M. Laurent Wauquiez. Dès lors que vous avez décidé de changer la Constitution, il n'y a pas lieu de saisir le Conseil d’État du sujet. La question est de savoir jusqu'où nous sommes décidés à aller. Changer la Constitution pour le seul fait de la changer ne servirait à rien.

Ma question est précise, monsieur le Premier ministre : avez-vous l'intention d'appliquer ce principe de protection pour arrêter les terroristes en puissance avant qu'ils ne passent à l'acte ? Les Français veulent des mesures concrètes, ils veulent des mesures immédiates. Il faut mettre les terroristes en puissance hors d'état de nuire. Il n'y a pas de liberté pour les ennemis de la France. (Applaudissements sur les bancs du groupe Les Républicains.)

M. le président. La parole est à M. le Premier ministre.

M. Manuel Valls, Premier ministre. Monsieur Wauquiez, je vais prendre un peu de temps et vous répondre le plus précisément possible sur l'ensemble des propositions qui ont pu être faites.

M. David Douillet. Vous prenez beaucoup de temps !

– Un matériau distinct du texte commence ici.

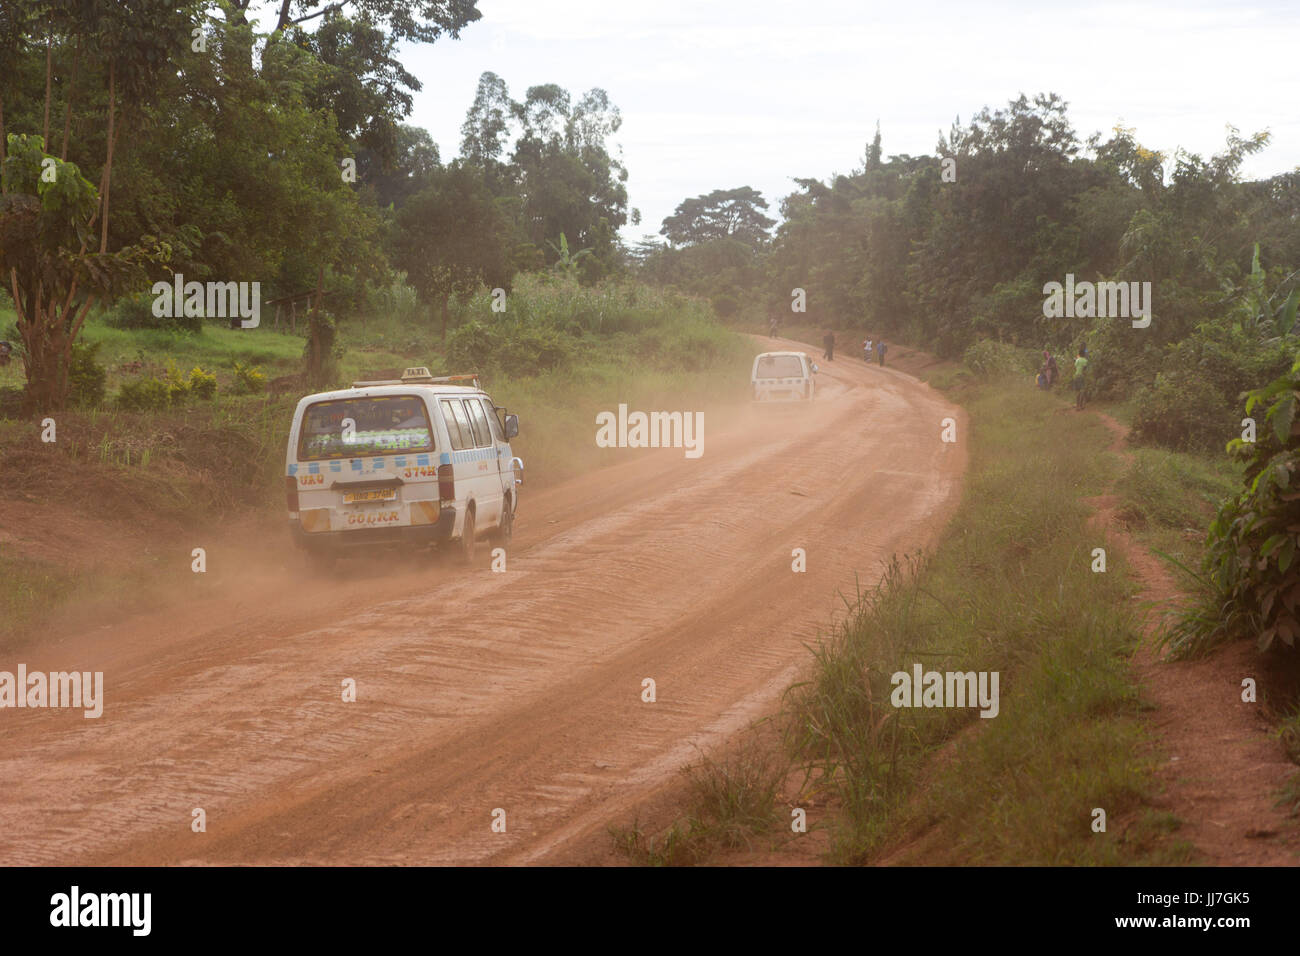 Buikwe, Uganda, 17 May 2017. A taxi car 'matatu' dashing on a dirt road Stock Photo

M. Manuel Valls, Premier ministre. Face à la menace terroriste et au besoin de définir des moyens juridiques exceptionnels pour affronter le terrorisme de guerre, nous devons tous, et nous pouvons nous accorder sur ce point, privilégier l'intérêt national et l'efficacité concrète. Et il ne devrait y avoir de place ni pour l'invective ni pour la polémique. (Exclamations sur les bancs du groupe Les Républicains.)

Il est absolument faux de dire que les propositions de l'opposition n'ont pas été intégrées dans le travail législatif conduit ces trois dernières années. À cet égard, soyons précis et rigoureux.

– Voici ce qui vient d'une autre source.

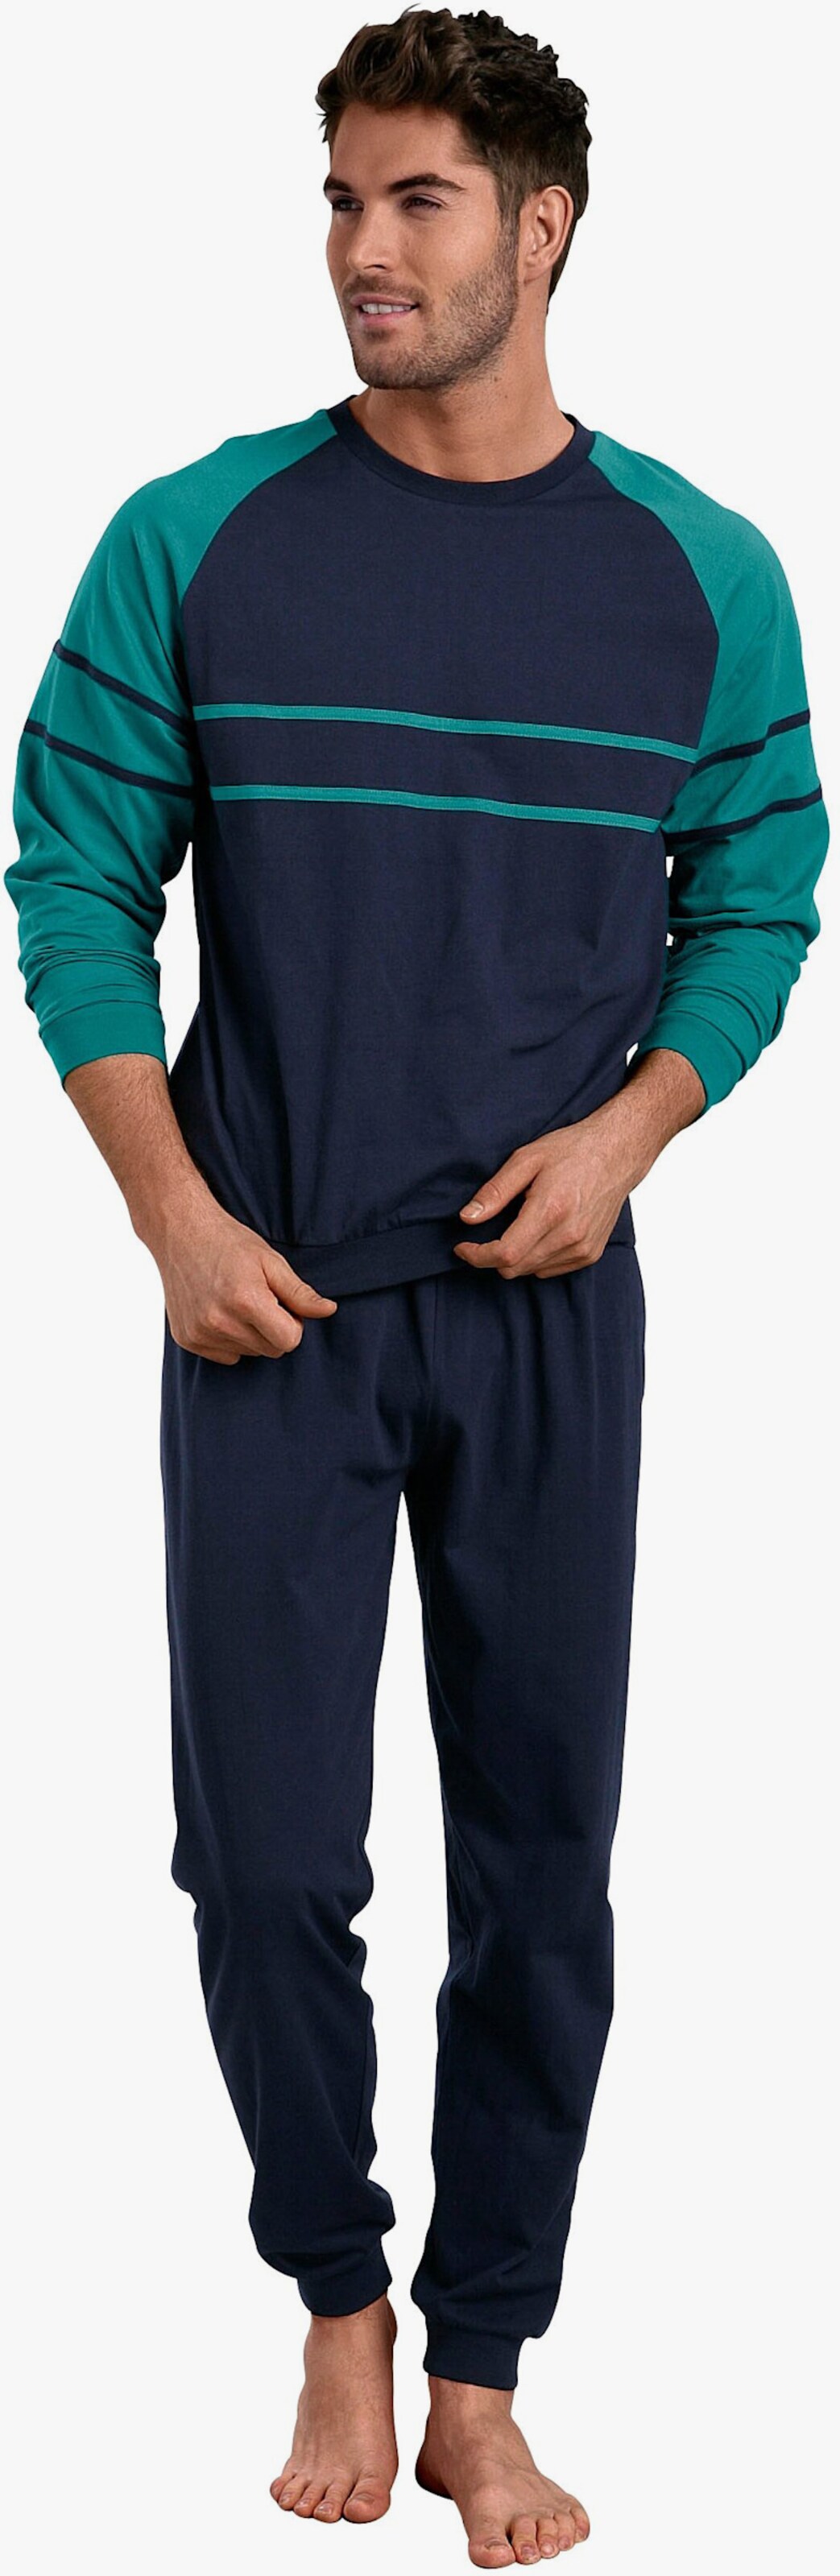 Pyjama - grün, marine

Il y a d'abord les propositions qui figuraient dans le projet de loi élaboré par le gouvernement de François Fillon en avril 2012 à la suite des crimes commis par Mohammed Merah en mars 2012. Afin d'en renforcer la répression, les délits de provocation à la commission d'actes terroristes et d'apologie du terrorisme ont été transférés de la loi de 1881 sur la liberté de la presse vers le code pénal et différents dispositifs judiciaires ont été prévus. Parce que nous savons que la radicalisation a lieu sur internet, nous avons repris l'incrimination de la consultation habituelle de sites internet djihadistes en l'incluant dans un ensemble plus cohérent et plus sévère encore. Nous avons, je vous le rappelle, voté deux lois antiterroristes,…

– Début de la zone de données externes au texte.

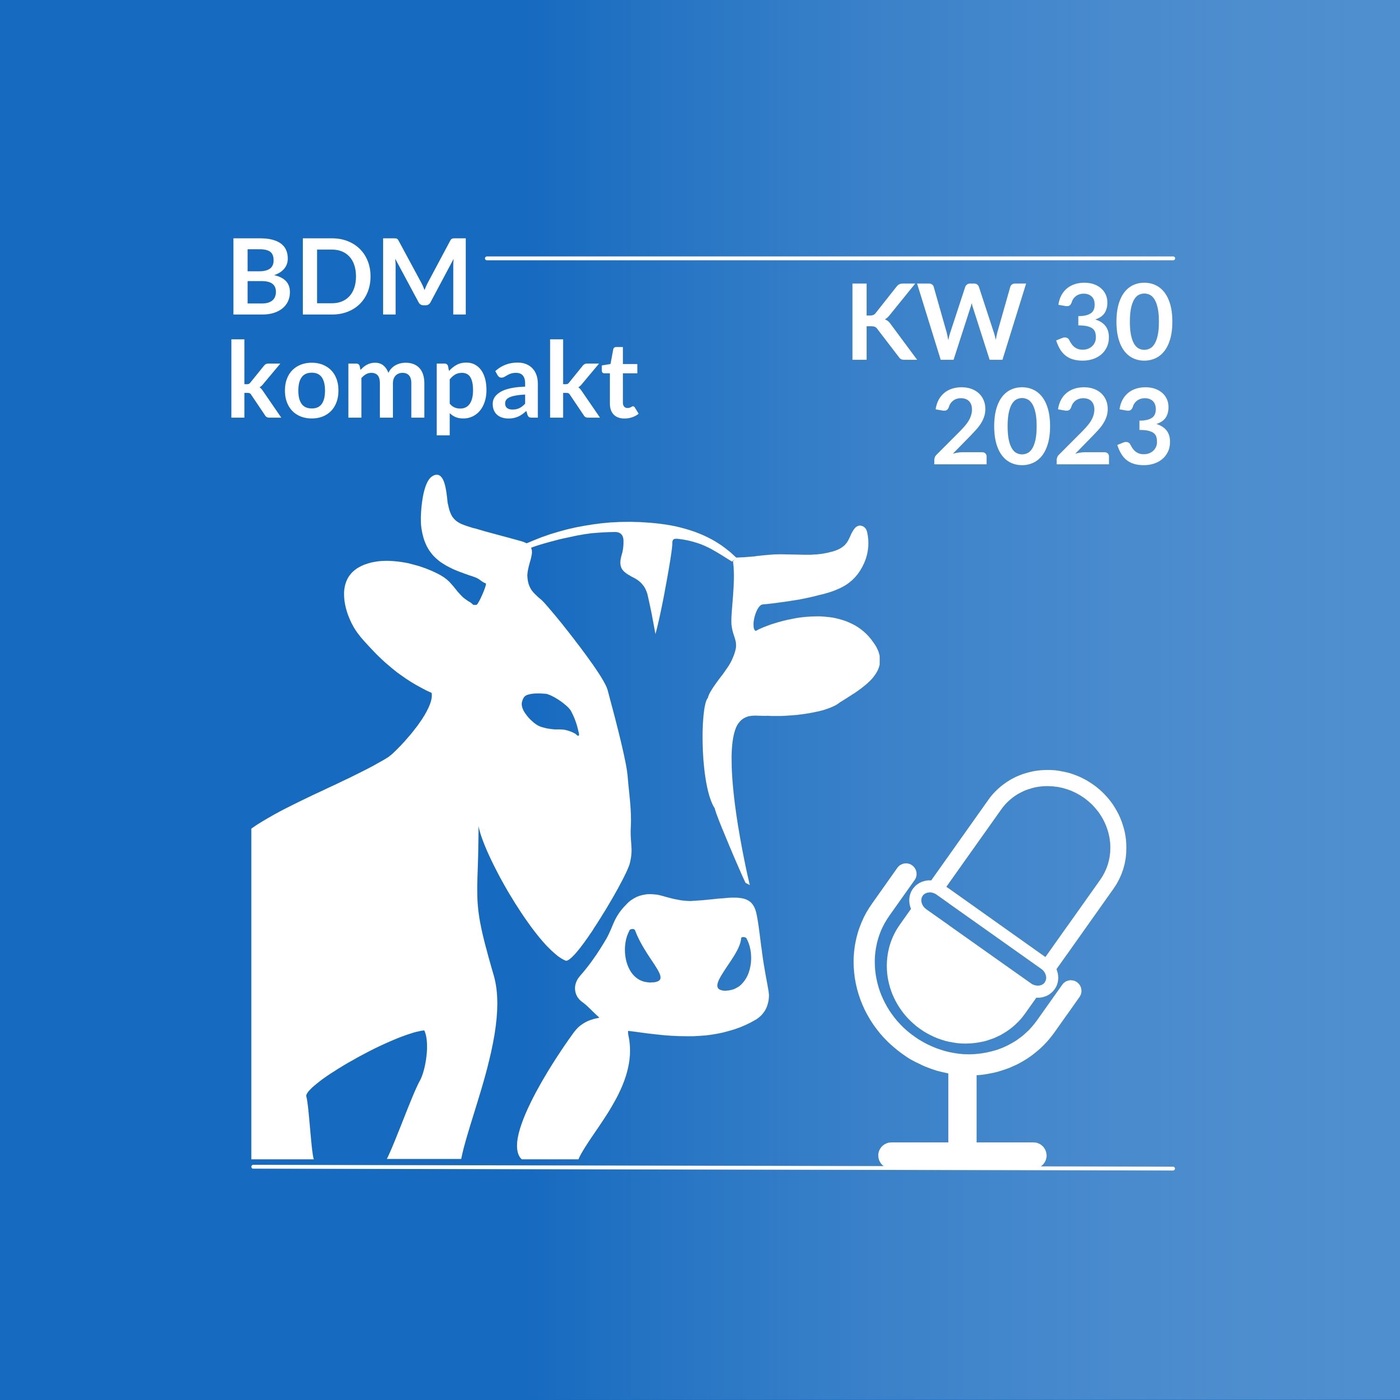 BDM kompakt KW 30/2023

M. Christian Jacob. Nous les avons votées !

M. Manuel Valls, Premier ministre. … l'une en décembre 2012, et j'avais déjà évoqué alors cet ennemi intérieur et extérieur, l'autre en décembre 2014. Nous sommes d'ailleurs allés plus loin encore sur ce sujet-là, puisque les sites provoquant au terrorisme ou en faisant l'apologie peuvent désormais être bloqués et déréférencés dans le cadre administratif à titre préventif, donc pas seulement sur l'initiative d'un magistrat judiciaire, comme vous l'aviez proposé en 2012.

M. Charles de La Verpillière. Les avez-vous appliquées ?

M. Manuel Valls, Premier ministre. Nous avons également instauré l'incrimination des actes terroristes intégralement commis à l'étranger.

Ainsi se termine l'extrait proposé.